TASK DETAILS:
Each line below is to be repeated exactly; any picture is to be left out.

THE DATA:
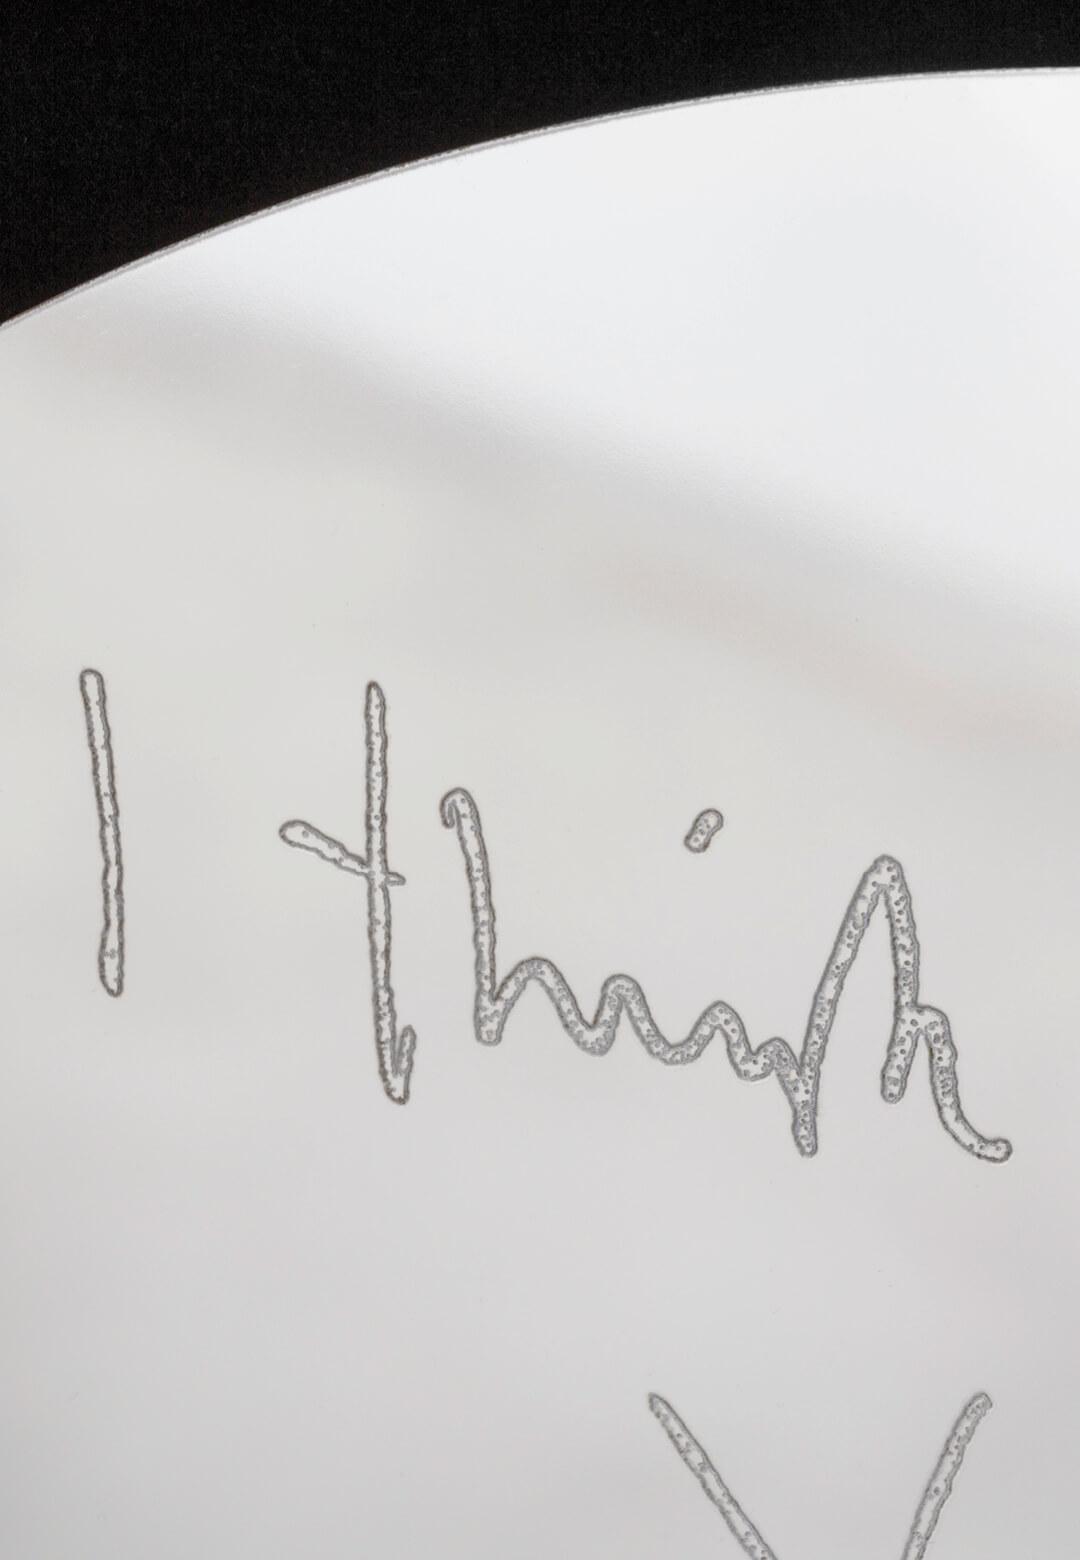 Rirkrit Tiravanija, Untitled (The double moon at noon, Darwin's dilemma)   I draw, therefore I think   Rirkrit Tiravanija   STIRworld
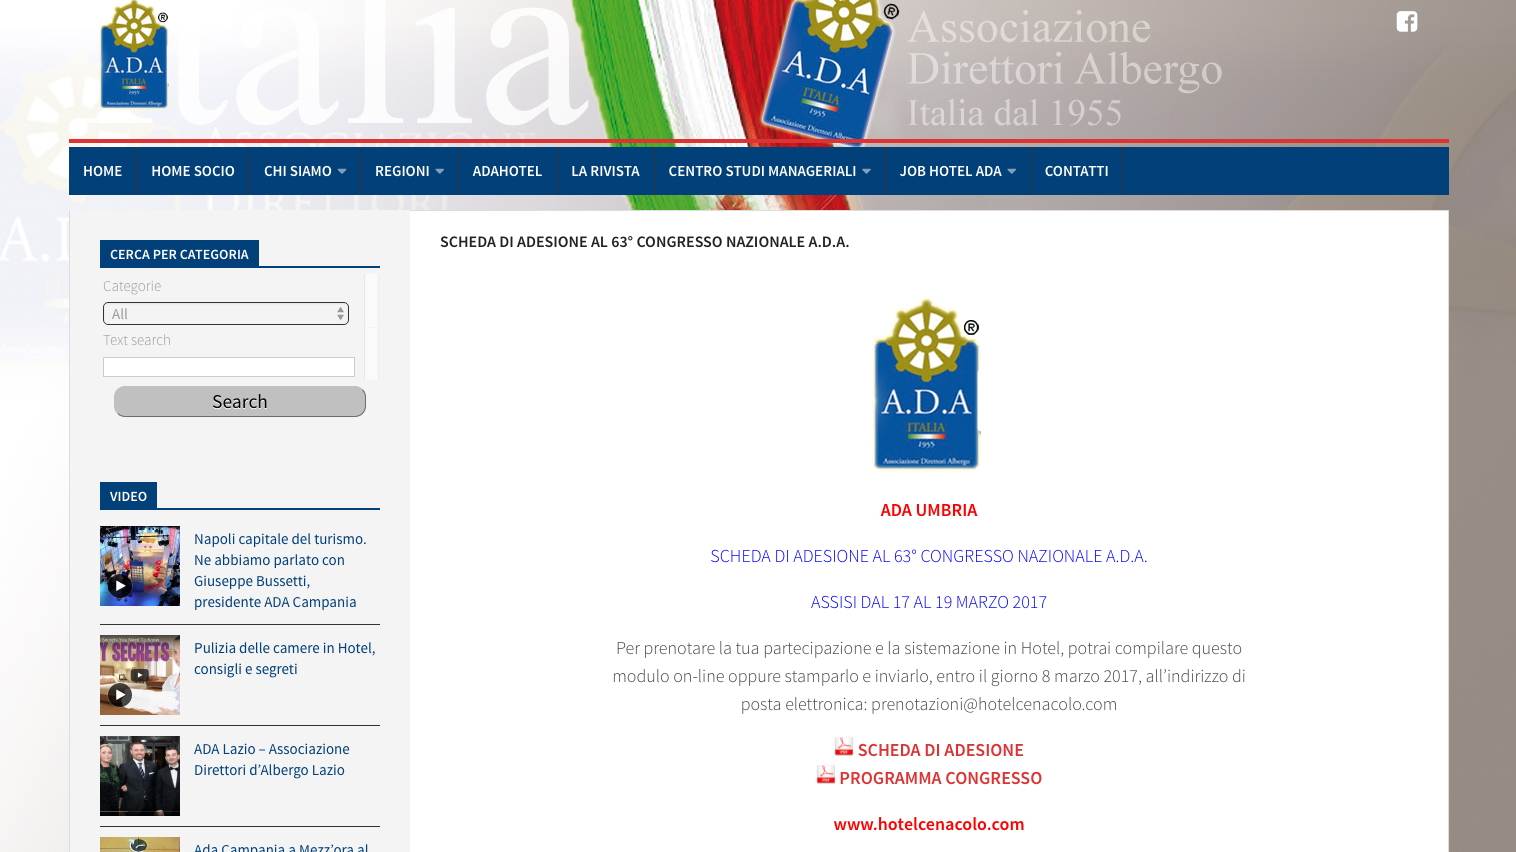 SCHEDA DI ADESIONE AL 63° CONGRESSO NAZIONALE A.D.A.
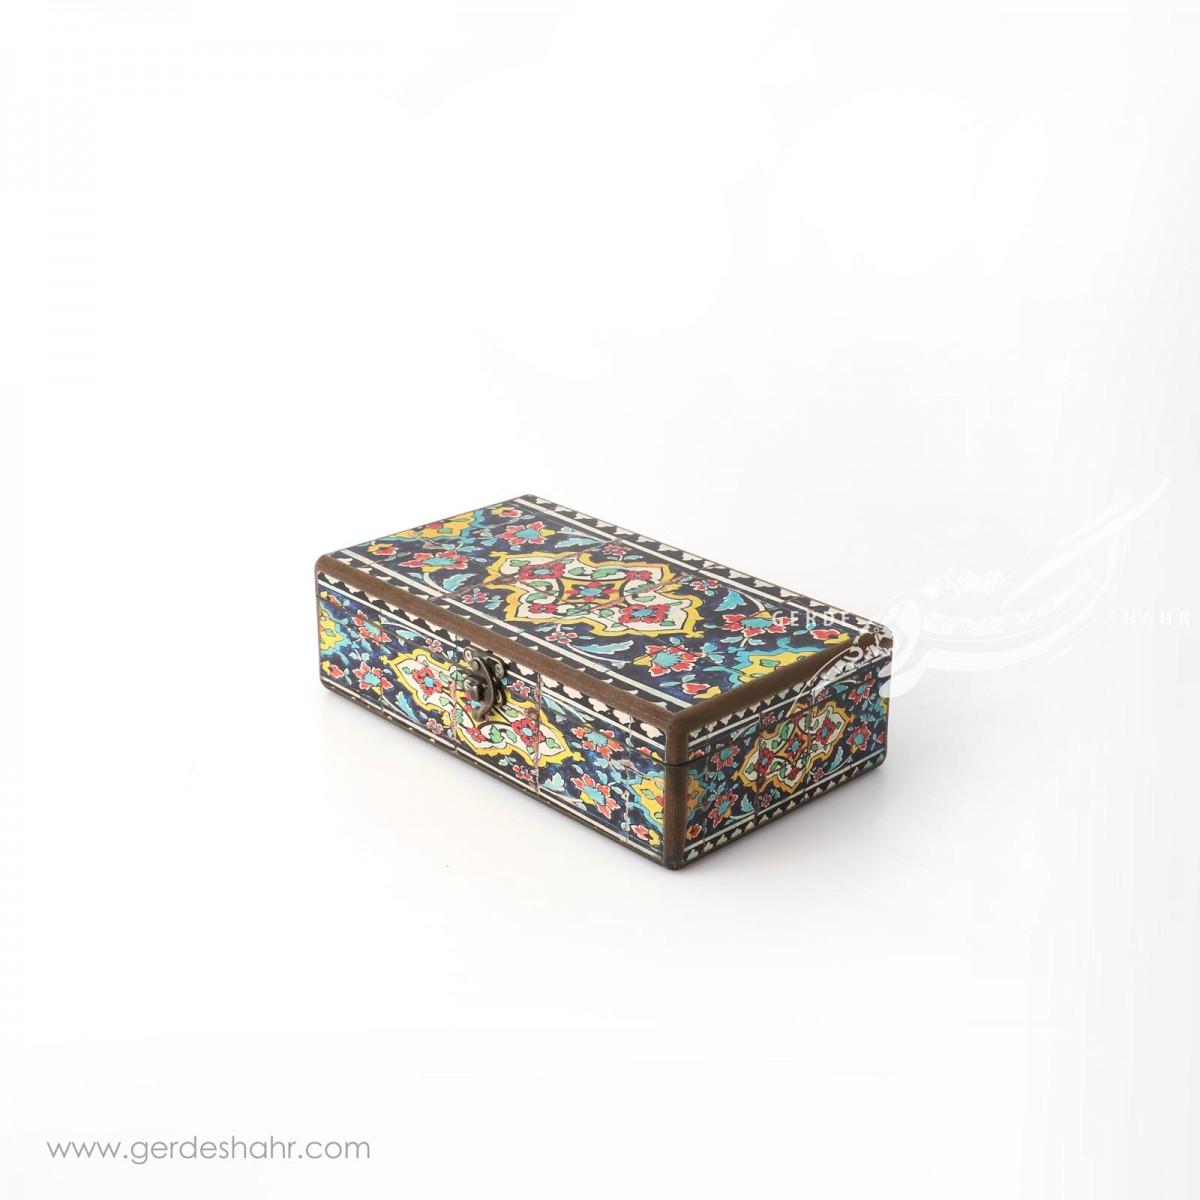 جعبه چوبی جاقاشقی نقش کاشی هفتگان جعبه و صندوقچه
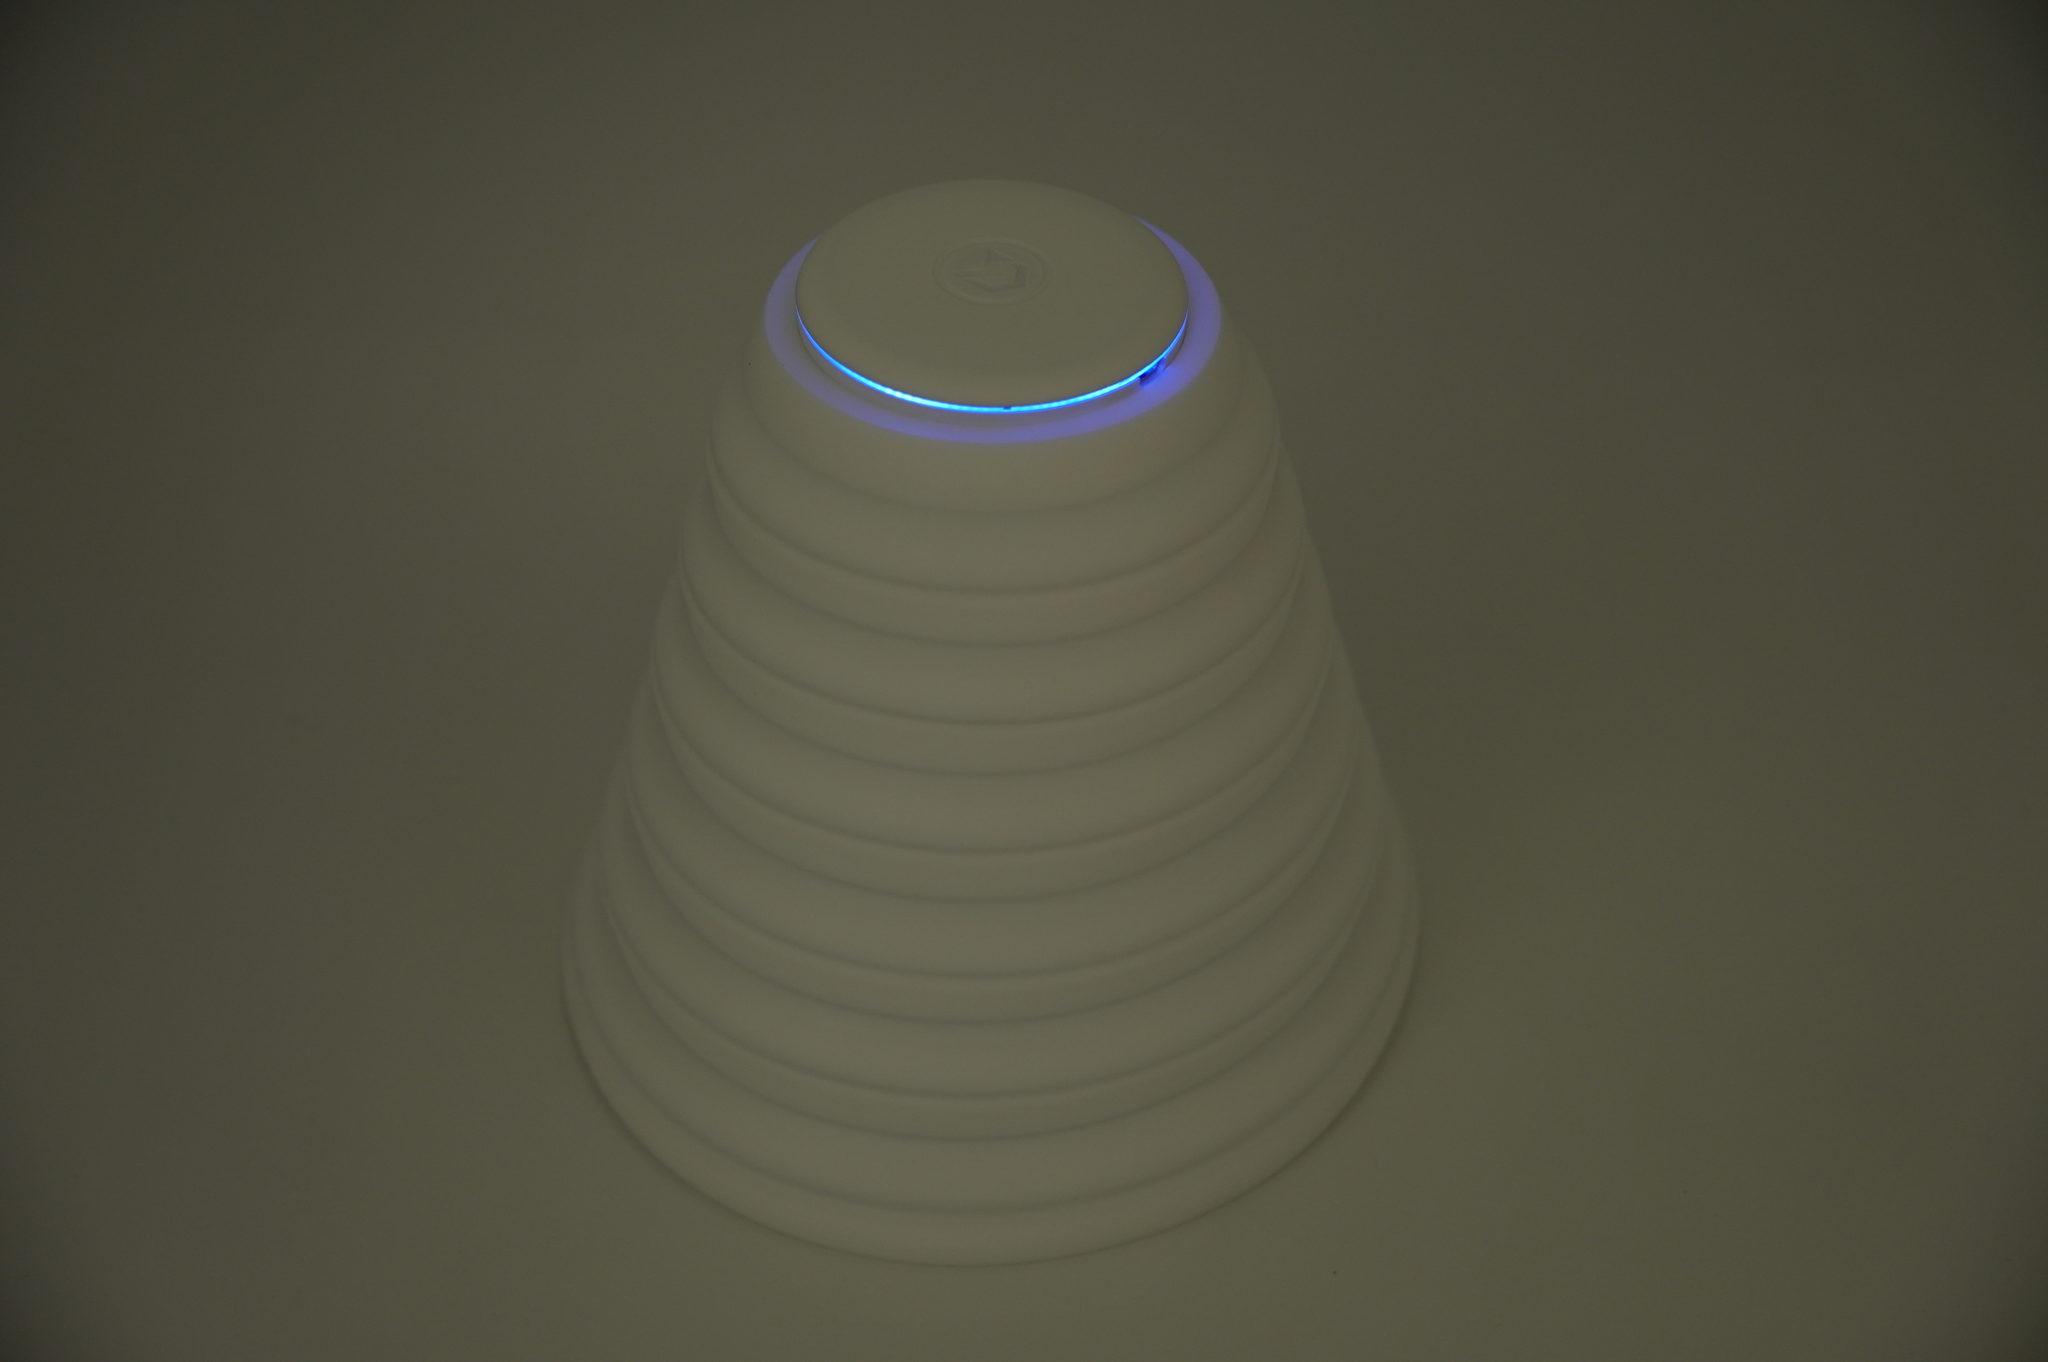 UV-C 紫外線除菌器 Mahaton ランプ状態

RESPONSE AREA:
 Rirkrit Tiravanija, Untitled (The double moon at noon, Darwin's dilemma)   I draw, therefore I think   Rirkrit Tiravanija   STIRworld
 SCHEDA DI ADESIONE AL 63° CONGRESSO NAZIONALE A.D.A.
 جعبه چوبی جاقاشقی نقش کاشی هفتگان جعبه و صندوقچه
 UV-C 紫外線除菌器 Mahaton ランプ状態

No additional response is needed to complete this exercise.